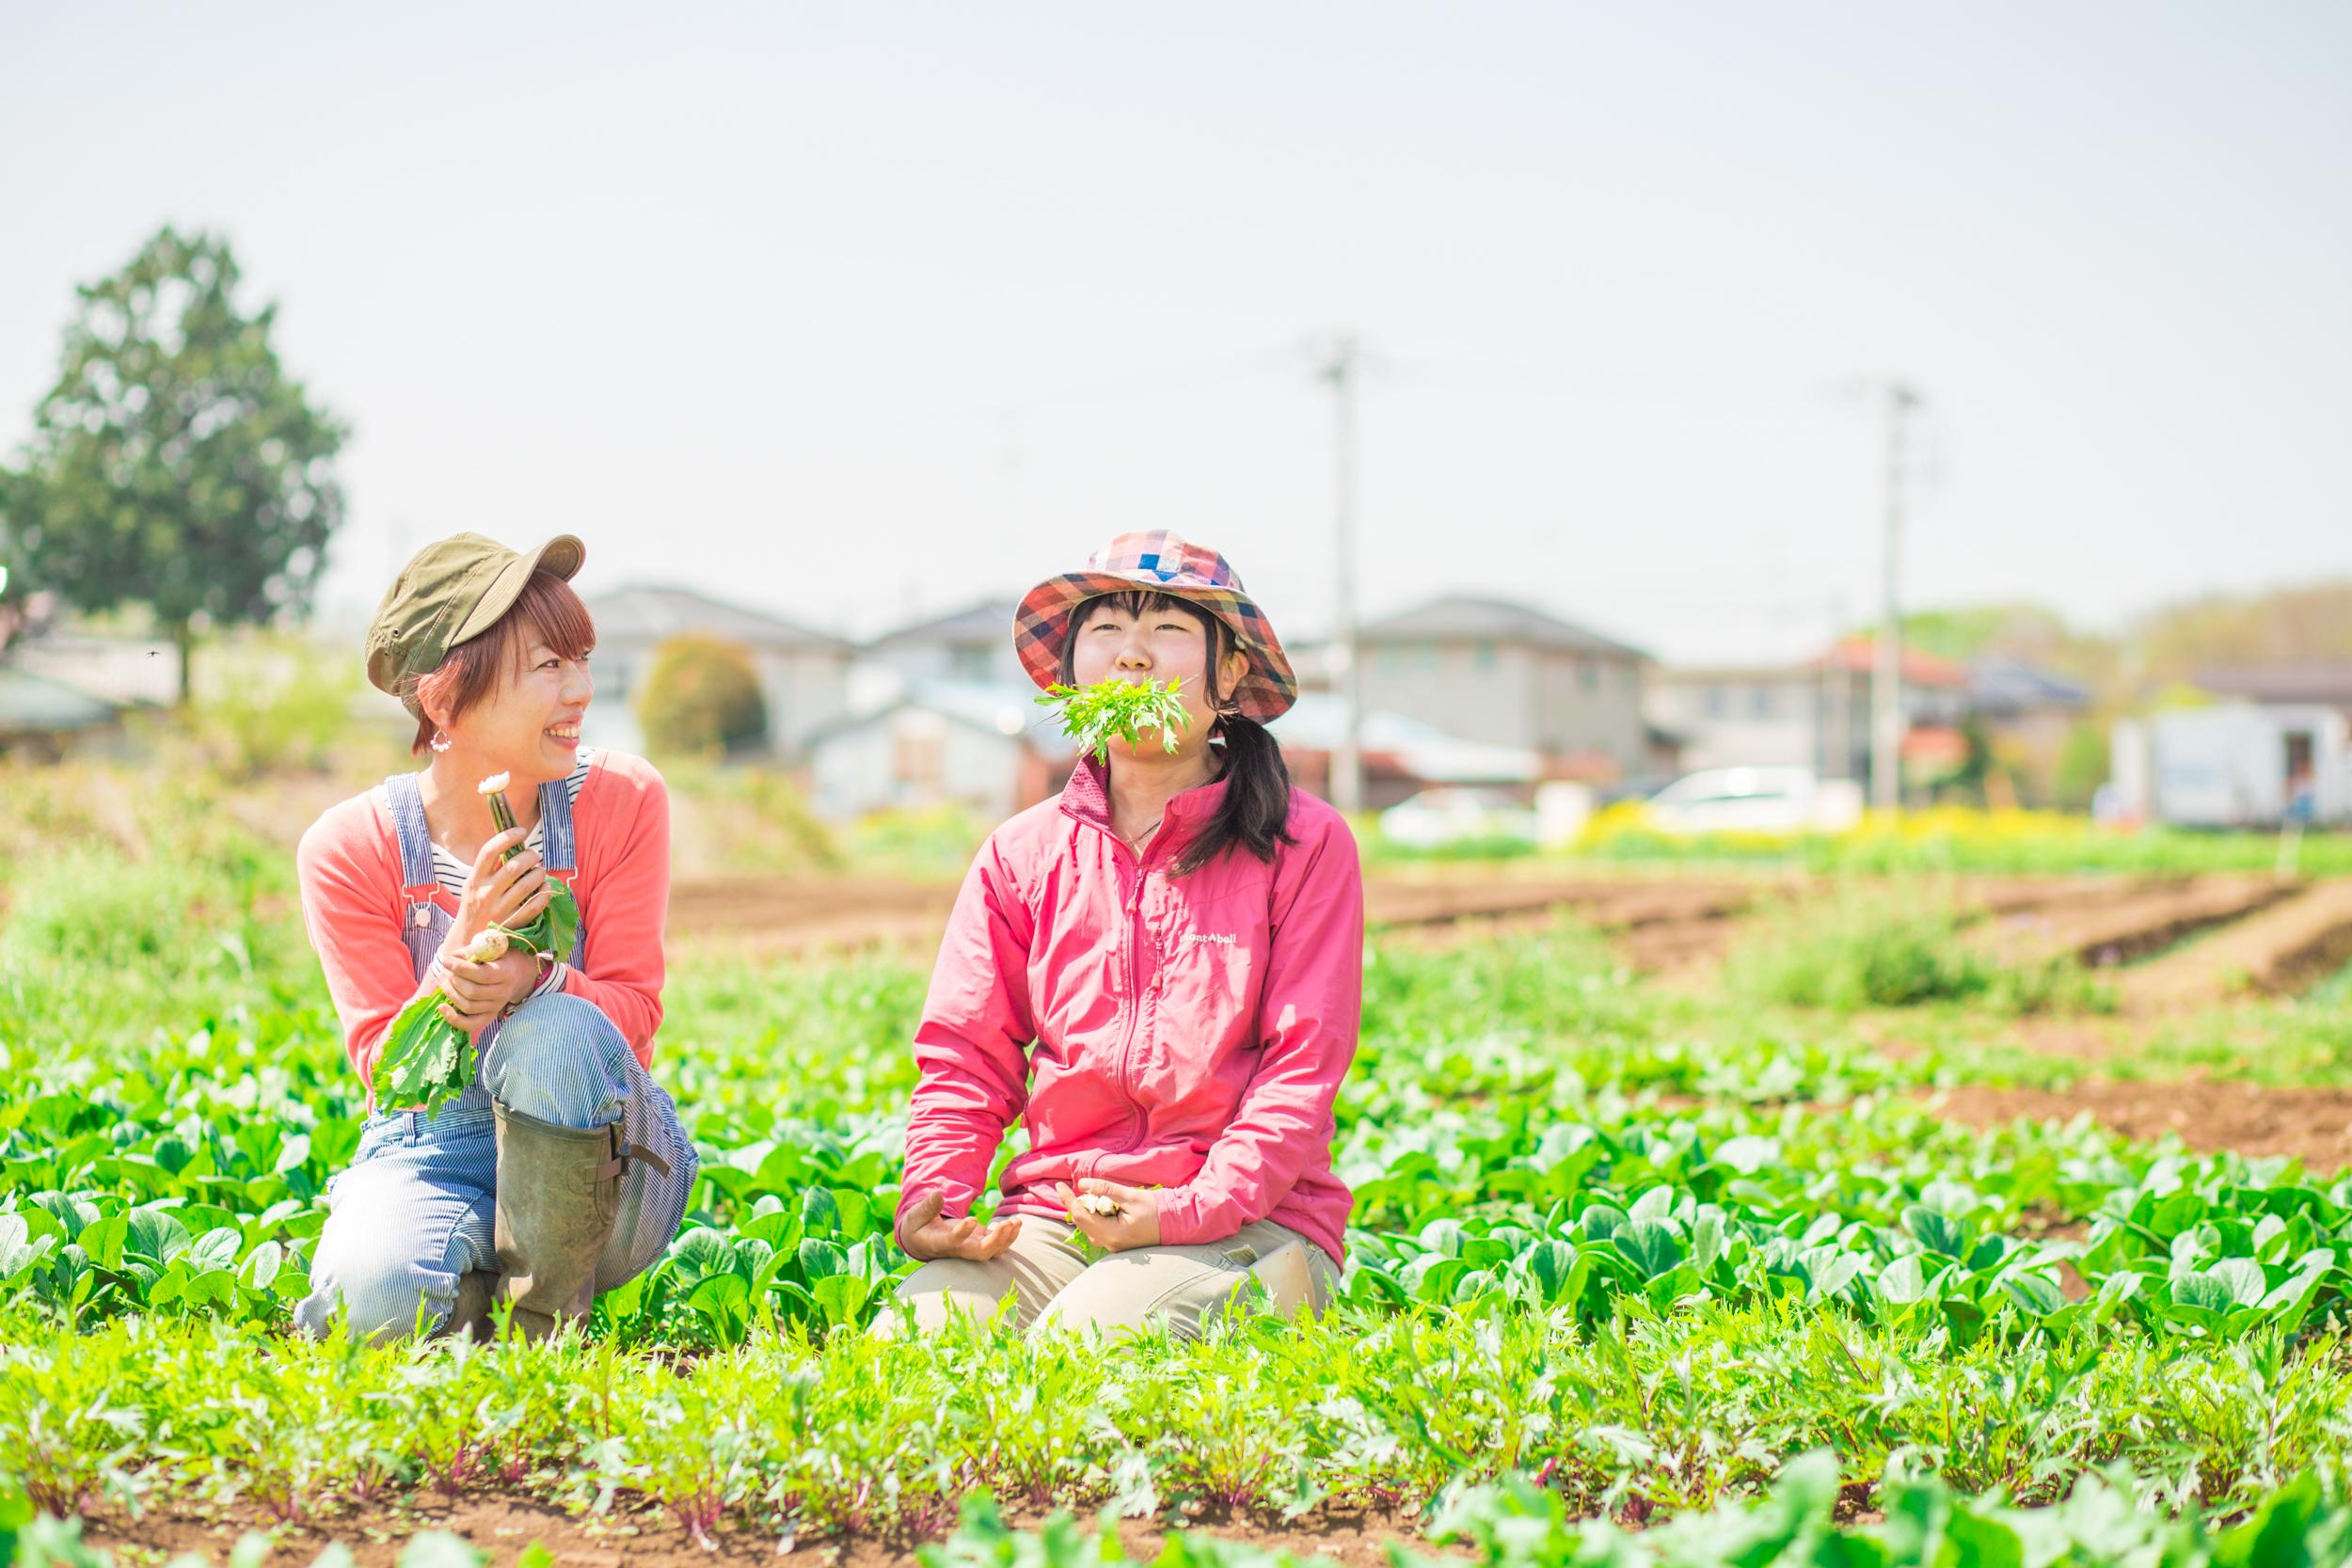 久松農園オフィシャルサイト | 農家であり料理人であるということ
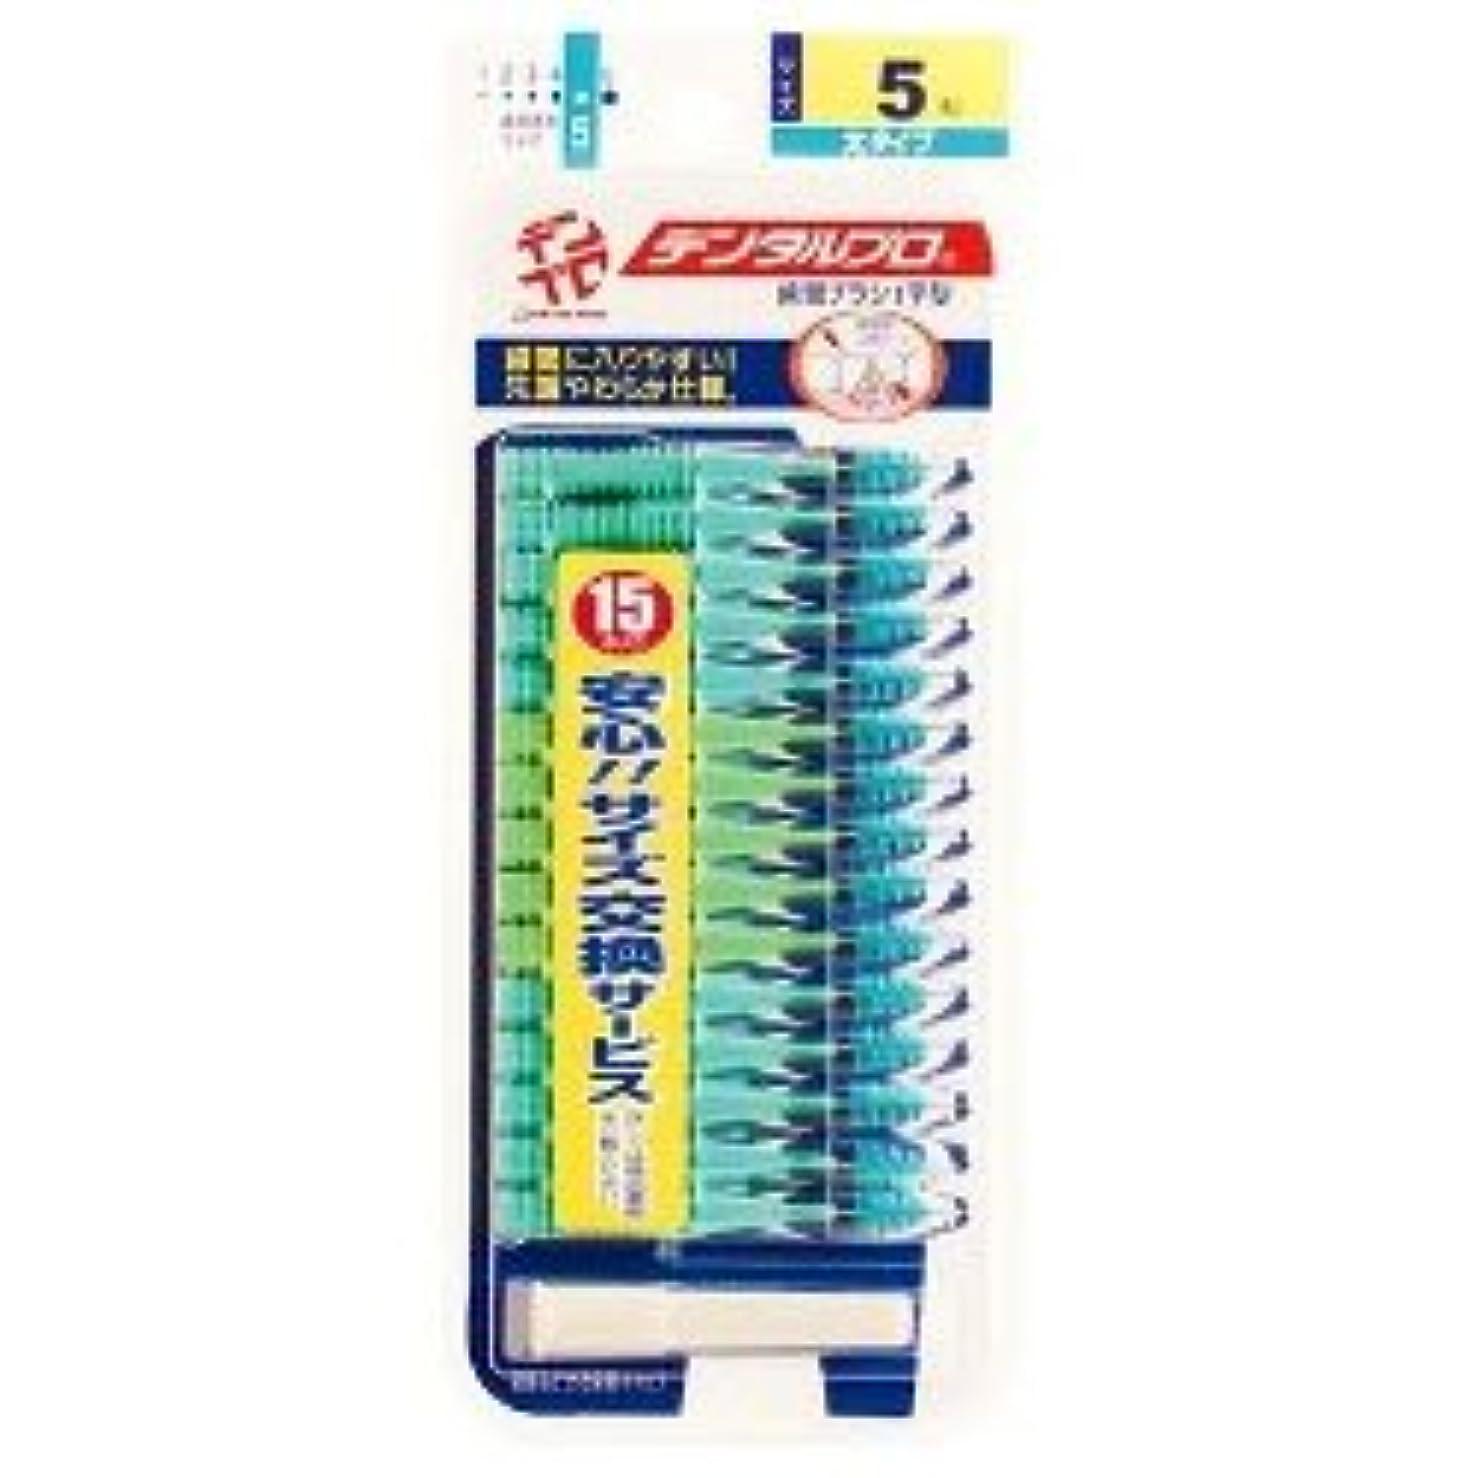 分数より多い制裁【デンタルプロ】デンタルプロ 歯間ブラシ サイズ5-L 15本入 ×3個セット
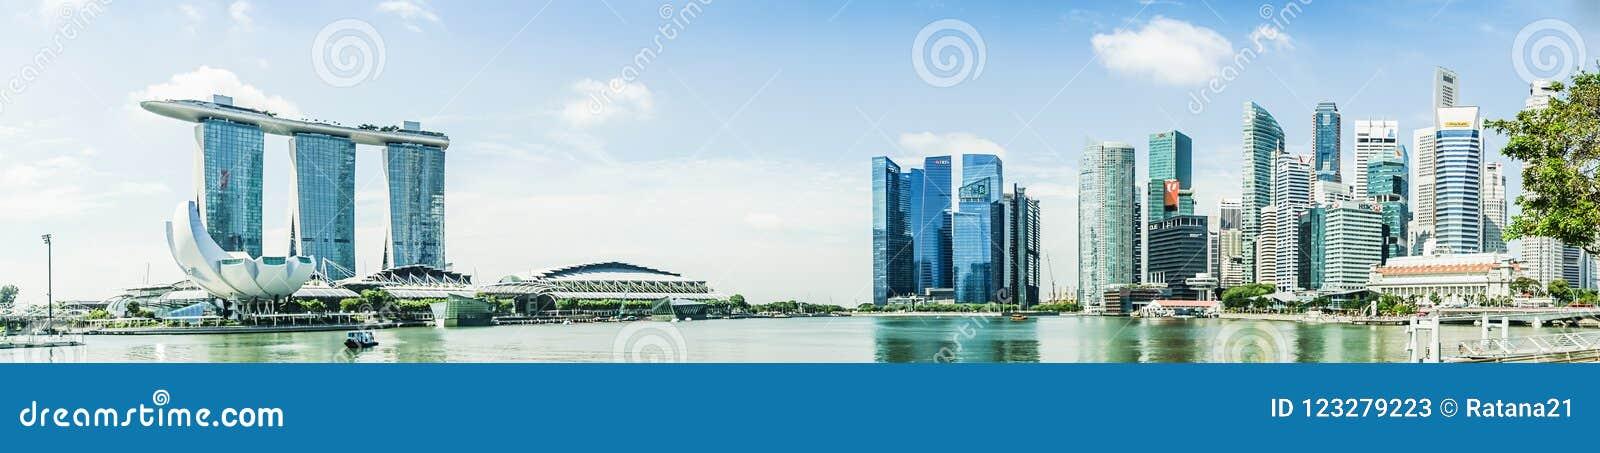 SINGAPUR - APRIL 7,2017: Panoramabild von Marina Bay Sands und von Finanzzentrum

Your instructions: Please return the full listing exactly as given, with the images left out.

Reply:
 久松農園オフィシャルサイト | 農家であり料理人であるということ
 分数より多い制裁【デンタルプロ】デンタルプロ 歯間ブラシ サイズ5-L 15本入 ×3個セット
 SINGAPUR - APRIL 7,2017: Panoramabild von Marina Bay Sands und von Finanzzentrum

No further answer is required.